Thornsong jumped to his feet and snatched the salt pouch from his waist. In a fluid motion, he emptied the bag onto the grease fire and rolled forward, snagging the tomahawk as he went. 

The salt flared and Thornsong screwed his eyes tight as he rolled. The lechuza’s scream rose in pitch and it threw its scabby wings up to cover its lidless eyes. 

“Razz, now!” he said, bringing the tomahawk down on one of the lechuza’s wrist-sized talons. The bone inside broke with a wet crunch. 

Thornsong came to his feet behind the lechuza, one wing still covering its eyes and the other cutting quick, deadly swipes through the space where lechuza had been sitting. It listed to the left, its foot shattered. 

Thornsong rotated the tomahawk and smashed the flat of it into the wing covering the lechuza’s face. It reeled but reached out with its good foot as it fell, leaving a deep gouge on the oak slab across his heart. Thornsong drew the meteoric iron dagger. 

“Razz!” he shouted again, but his sasquatch friend was already in motion and bellowing with his peculiarly strident war-cry. He charged the lechuza holding part of a rotted log in front of him. He bowled into it, but the lechuza spun and sent him sprawly, snapping saplings as he tumbled. 

Thornsong flicked the dagger across the lechuza’s face, aiming for those giant rolling eyes. 

It caught his wrist and picked him neatly up off of the ground, bringing him level with its face. He kicked, moccasins bouncing uselessly off of the sharp guard feathers at its waist. 

It opened its beak and screeched inches from his nose. 

Thornsong dropped the dagger and reached for the falling blade with his free hand. It nicked his fingers but fell straight through to the forest floor. 

The lechuza reared back, almost mirroring his earlier movements, flicking open a single curved, black talon. 

The world turned upside down. Thornsong hit the ground, hard, and the lechuza’s feathers bit through the back of his war shirt.
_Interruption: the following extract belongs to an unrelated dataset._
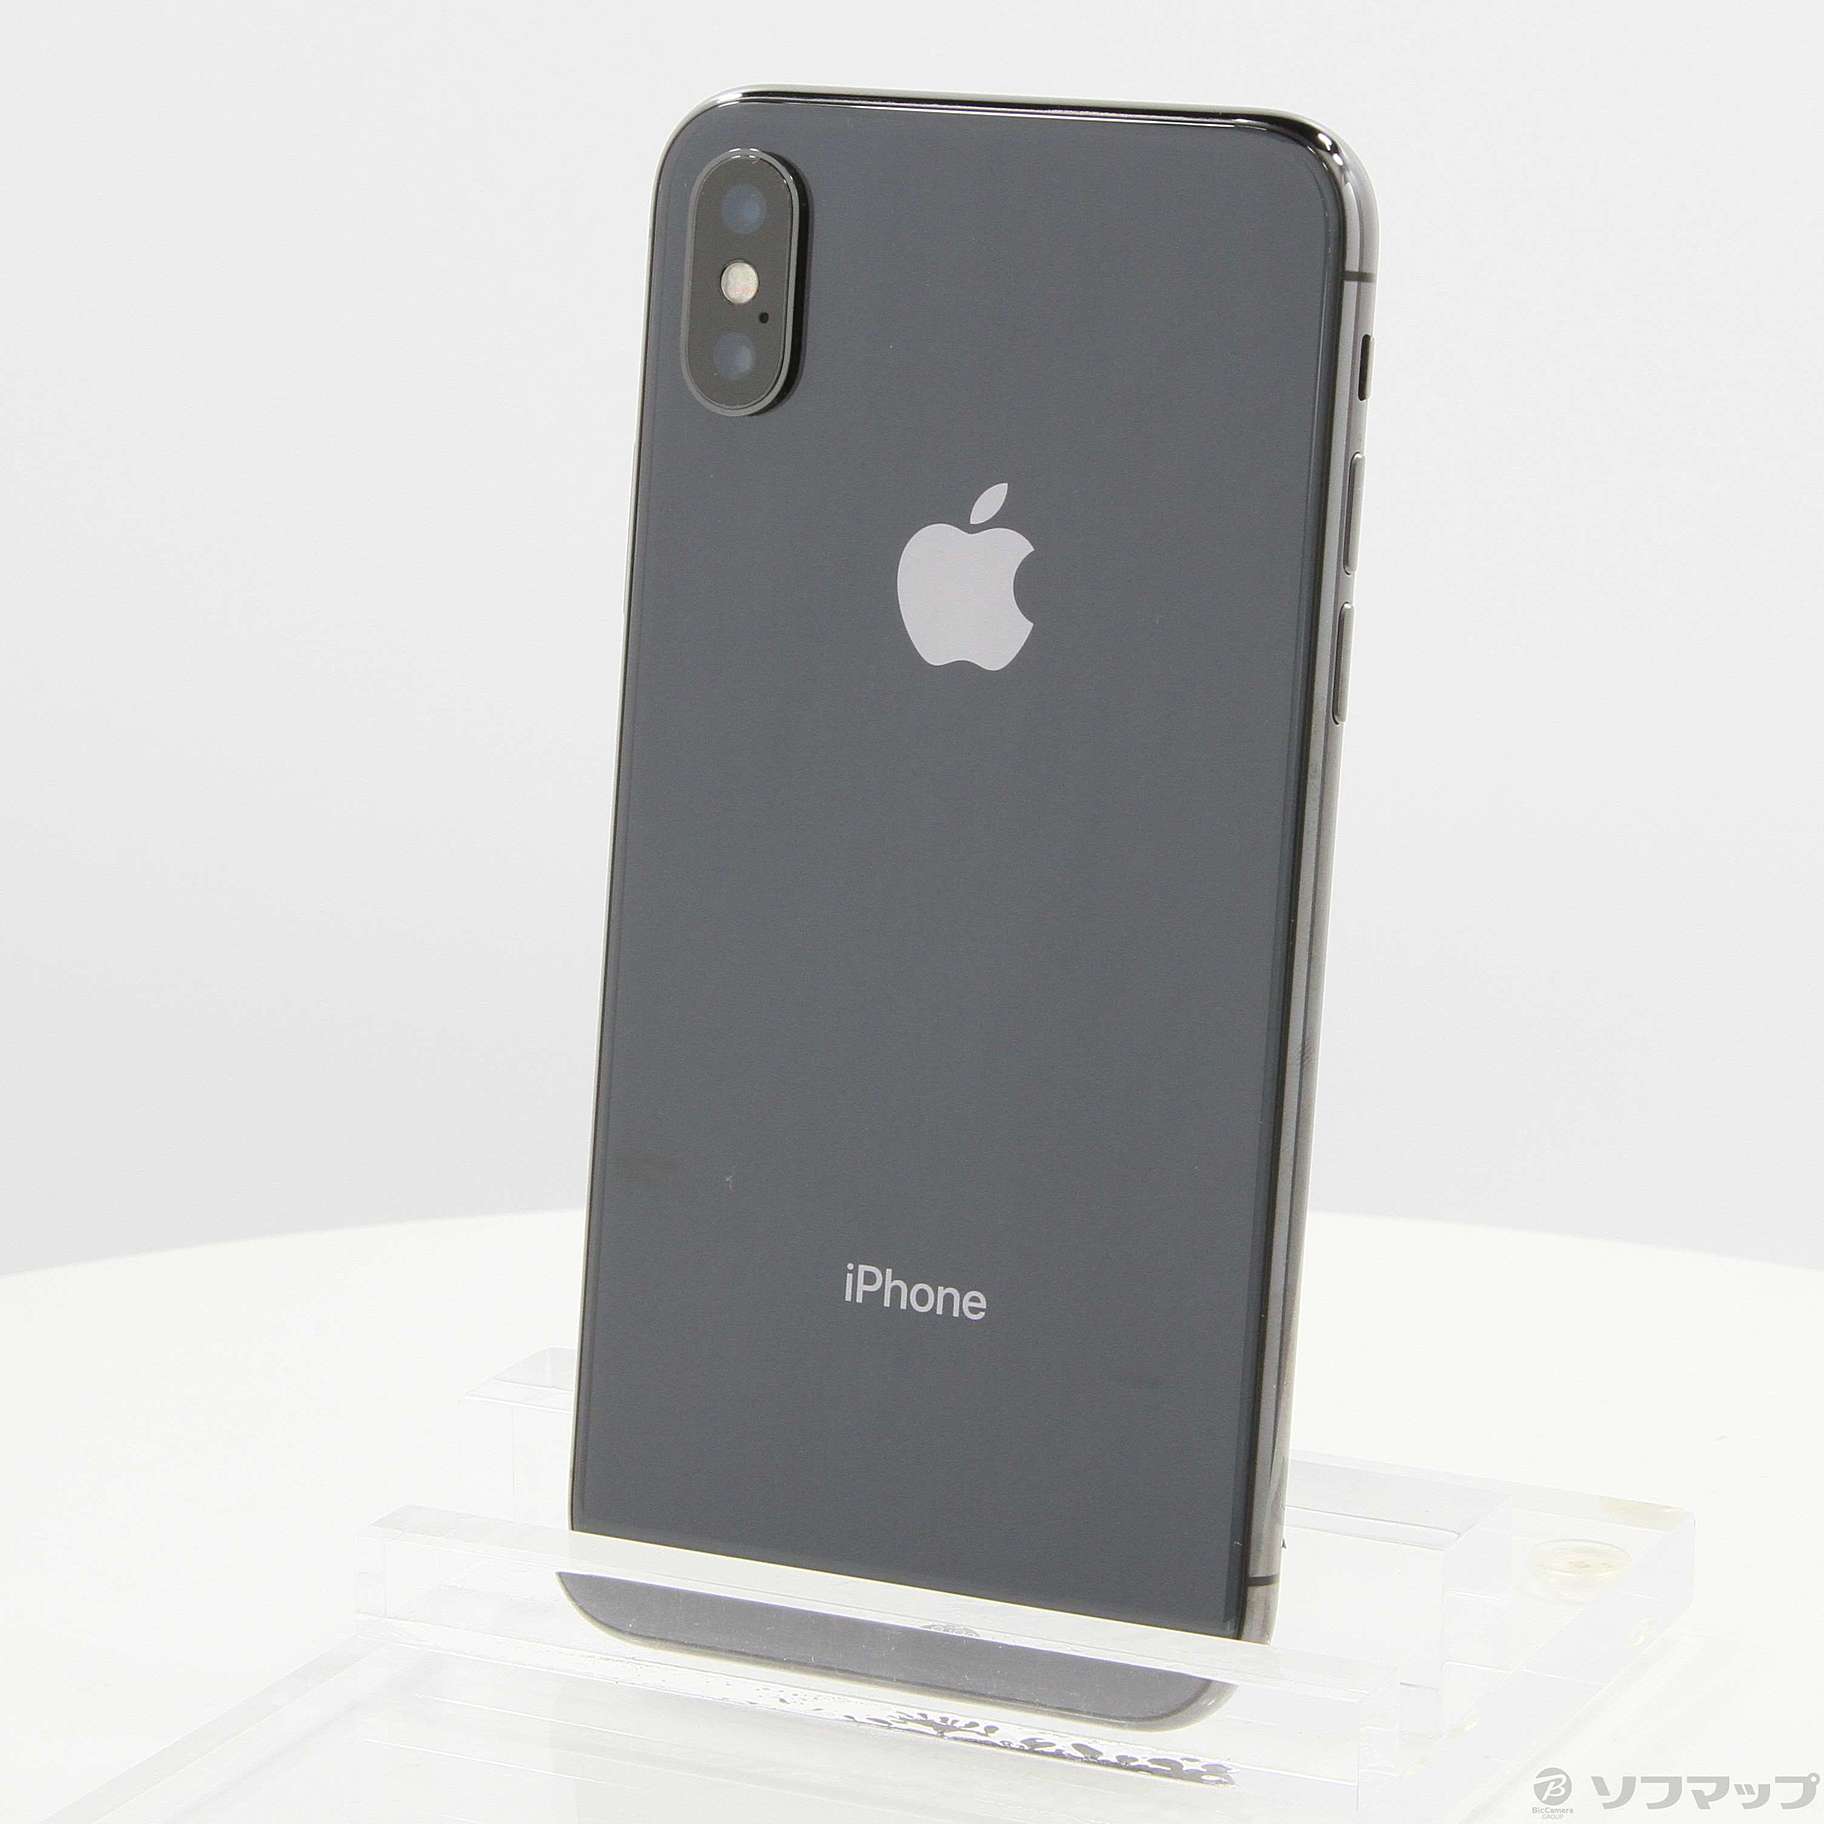 iPhoneXRカラーiPhone XR64G black sim free Applecare+付

Razz stood over them both, rotten log held out like a club. He raised it overhead for another swing. 

The lechuza was faster. One wing was pinned beneath it, but the other pinwheeled wildly. A talon sunk through Razz’s foot and into the pine straw beneath it. 

Razz roared - a sound Thornsong hadn’t heard in a long, long time.

The log came down. The lechuza was trapped, one wing crushed against the ground, the other stuck in Razz’s massive foot. 

Thornsong saw the dagger above his head. He strained for it, palmed it, and brought up his arm in an arc directly between those lurid yellow eyes. 

The lechuza squawked and pulled its talon from Razz’s foot. The log came down again, and again, and again. Feathers came loose and started to drift in the light remaining from the failing grease fire. 

Again. And again. And again. 

“Enough,” said Thornsong. The squawking had stopped. 

The lechuza was a ruined heap on the forest floor. Black blood trickled from its joints where ivory splinters of bone poked through. The beak was open and leaking. The yellow eyes went dull.

Thornsong stood and winced. 

Razz tossed the log into the trees and rounded on him. 

“You burned our food,” he panted. “And my foot hurts.”

Thornsong smiled. 

“Let’s get another fire going - a good one - and get ourselves patched up. We’ll burn the carcass tomorrow and harvest the feathers. I think I’m going to want a shield.”

“And the food?” he said. 

“I’m sure the lake tribe will be more than happy to fill our packs when we bring them the child-killer’s head in the morning.”